7. Santé, assainissement et éducation environnementale
Dès 2019, des opérations de « pitte pitte » (nettoyage participatif) ont été menées dans plusieurs quartiers, avec la sécurisation de plusieurs hectares pour des sites de dépôt et l'expérimentation d'éco-bancs fabriqués à partir de déchets plastiques. La randonnée pédestre de la veille de la Tabaski (29 mai 2026) a réuni une centaine de participants et rendu hommage à feu Dieynaba Kane, matrone ayant œuvré trente ans pour la santé maternelle.
« Nous sommes dans une période de très forte chaleur. La seule solution reste le reboisement : avec NdouloumVert, nous avons fait en sorte qu'il y ait un arbre dans chaque maison. » — M. Abou Anne, membre de l'organisation
NdouloumVert anime par ailleurs des clubs climat dans les foyers scolaires (reboisement, greffage, gestion des déchets, géolocalisation), un panel WhatsApp de plus de 250 membres, et plus d'une centaine d'émissions radiophoniques sur RTS Matam et Radio Télé Fulbe.
8. Gouvernance et reconnaissance institutionnelle
La gouvernance repose sur un comité de pilotage de 11 membres représentant les 11 secteurs et une assemblée communautaire élargie. L'organisation a été reconnue par les autorités (invitation du gouverneur de Matam à la Journée mondiale de l'environnement 2021) et a contribué à la plateforme multi-acteurs nationale « PLANÈTE », avec la Fondation Friedrich Ebert et le CNTS.
9. Enseignements
- La décentralisation par secteurs est un facteur clé de succès du suivi des plantations à faible coût.
- L'innovation sociale (« un bébé, un arbre », « maison verte »…) crée une forte appropriation et des taux de survie rares dans la zone.

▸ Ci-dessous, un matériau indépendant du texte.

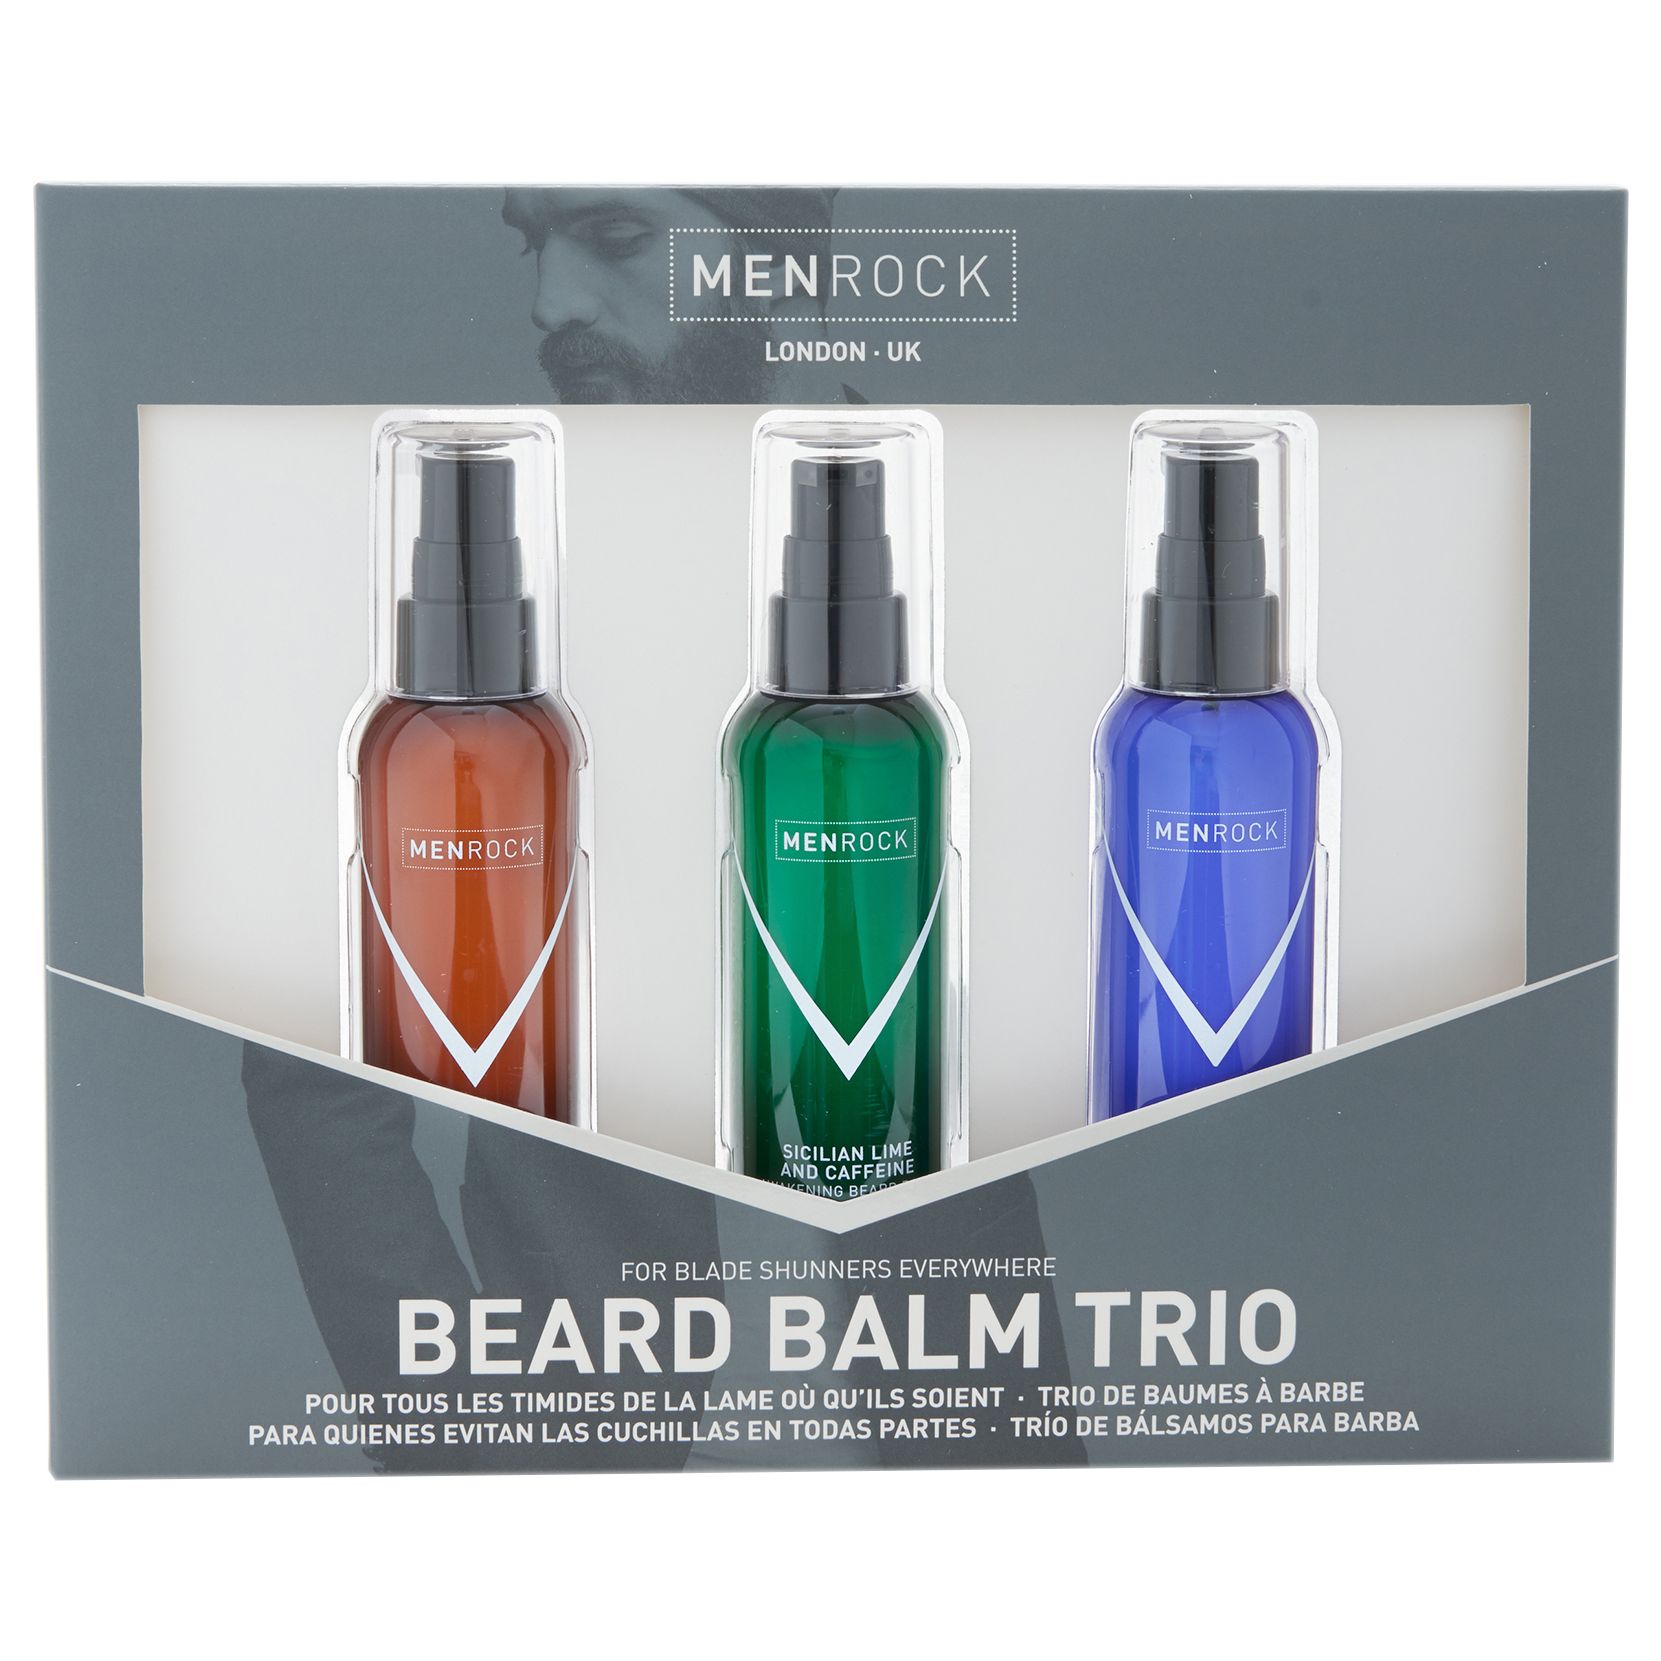 Men Rock Beard Balm Trio Review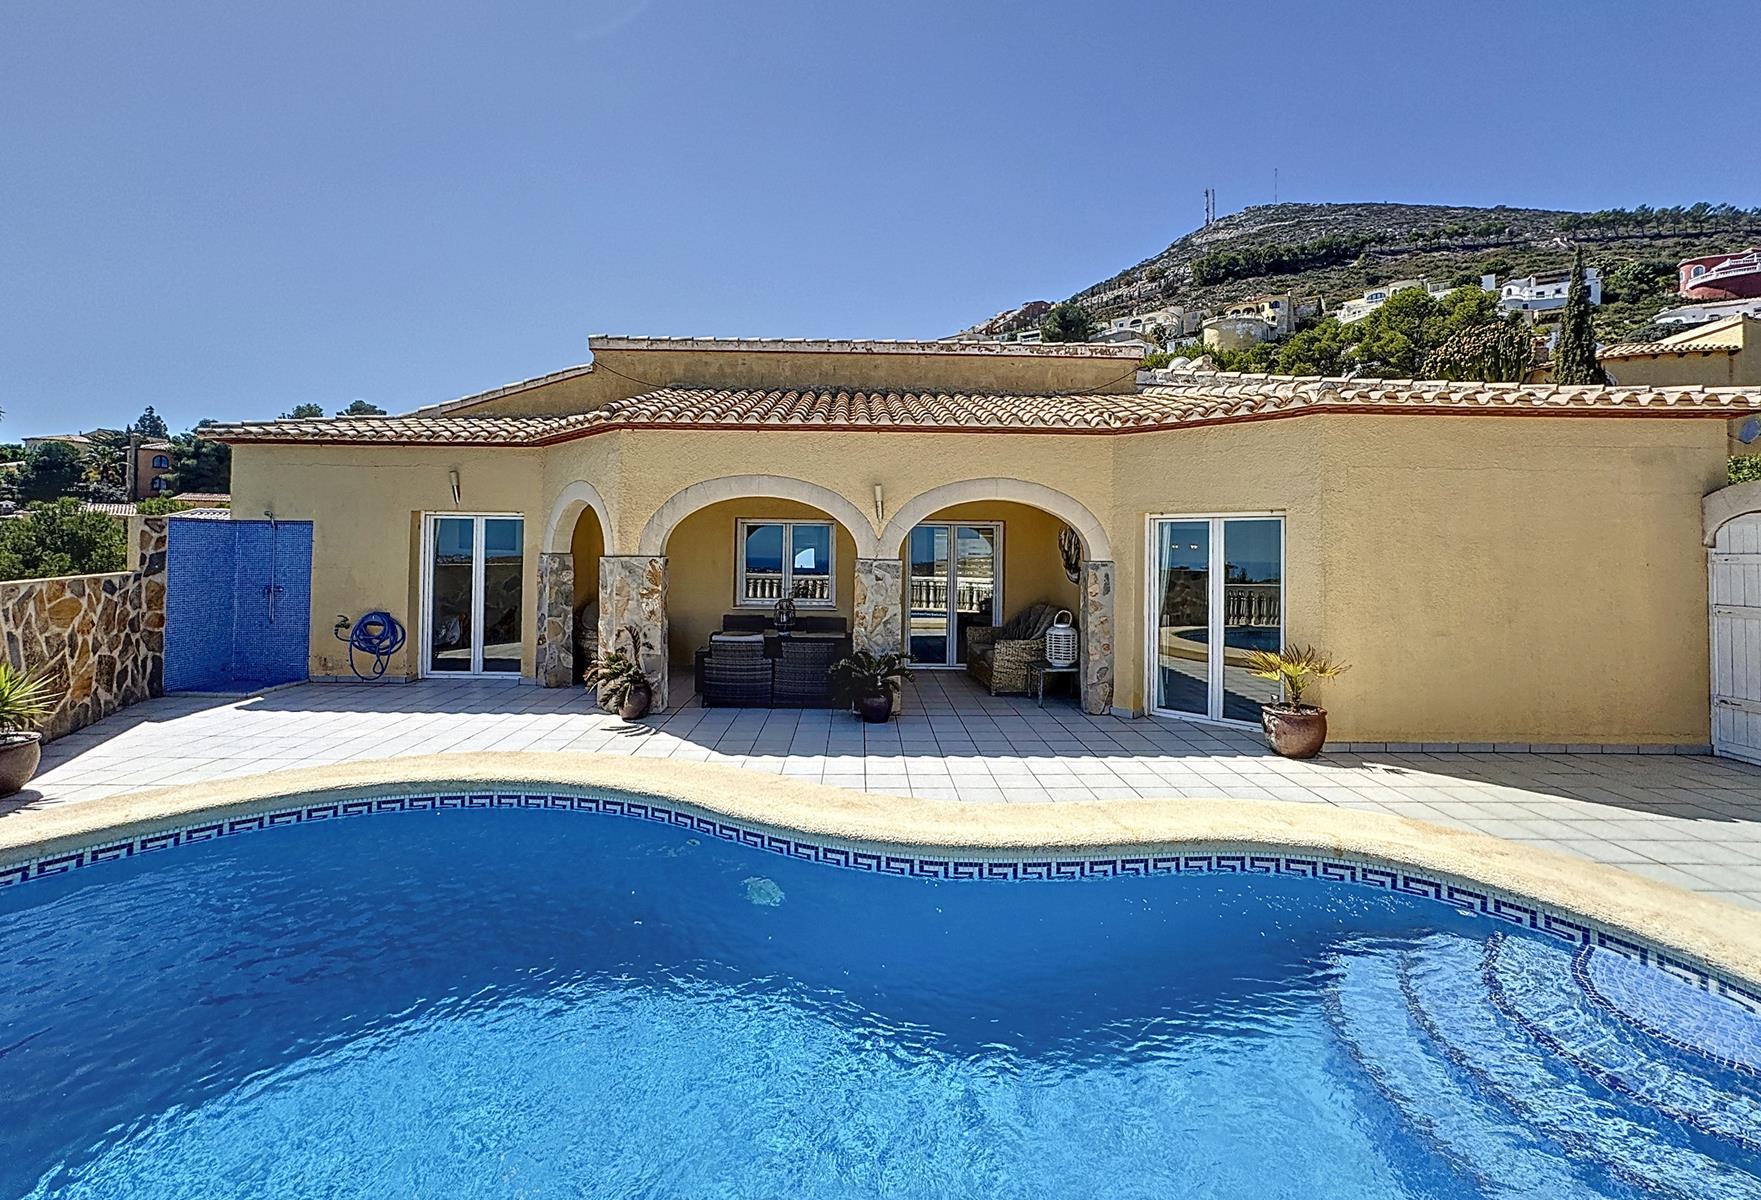 Villa Cumbre del Sol avec vue sur la mer et piscine privée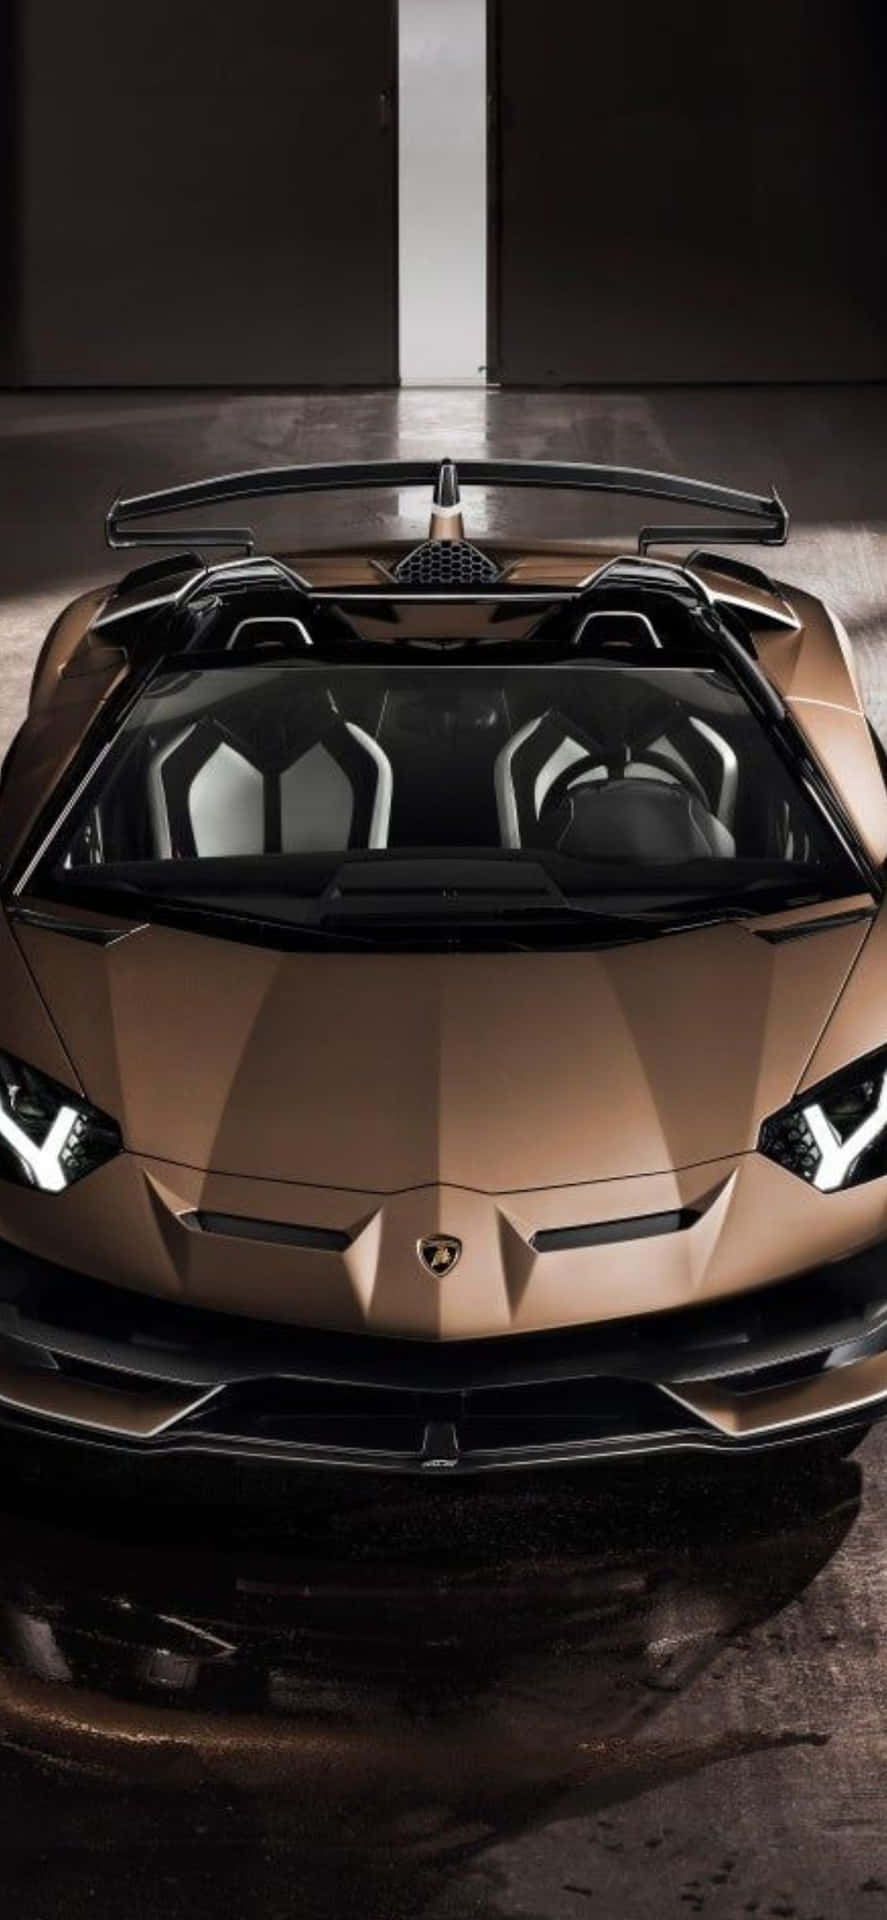 Iphonexs Max Lamborghini Sesto Elemento Bakgrund.

- La diversification des financements (diaspora, fonds internationaux, dons en ligne) assure la continuité des activités.
- L'intégration du plaidoyer juridique depuis 2025 ouvre un nouveau champ, aligné sur les ODD 13 et 16.
- La mobilisation des jeunes scolarisés via les clubs climat garantit la pérennité de l'action.
- Des défis persistent : divagation du bétail, qualité des grillages, cherté des matériaux, stress hydrique — d'où la demande de mini-forage solaire et de grillage renforcé.
10. Perspectives 2026-2028
Le projet « Ferme Pépinière NdouloumVert », en soumission au concours FREEJ du PRDC-VFS, constitue l'étape suivante. Il vise à porter la capacité de production de 5 000 à 25 000 plants/an (filières oignon, tomate, piment), à réaliser un mini-forage avec irrigation solaire goutte-à-goutte, à aménager un champ-école pour 30 jeunes (≥ 60 % de femmes) et à créer 30 emplois verts (10 permanents, 20 saisonniers), avec un fonds de roulement par la vente de plants.
Conclusion
Entre 2018 et 2026, NdouloumVert a démontré qu'une organisation communautaire de base, même sans moyens initiaux importants, peut générer une dynamique durable de reverdissement et d'emploi vert. Son approche — production technique, innovation sociale, formation des jeunes, plaidoyer juridique et diversification des partenariats — en fait un modèle pour la moyenne vallée du fleuve Sénégal.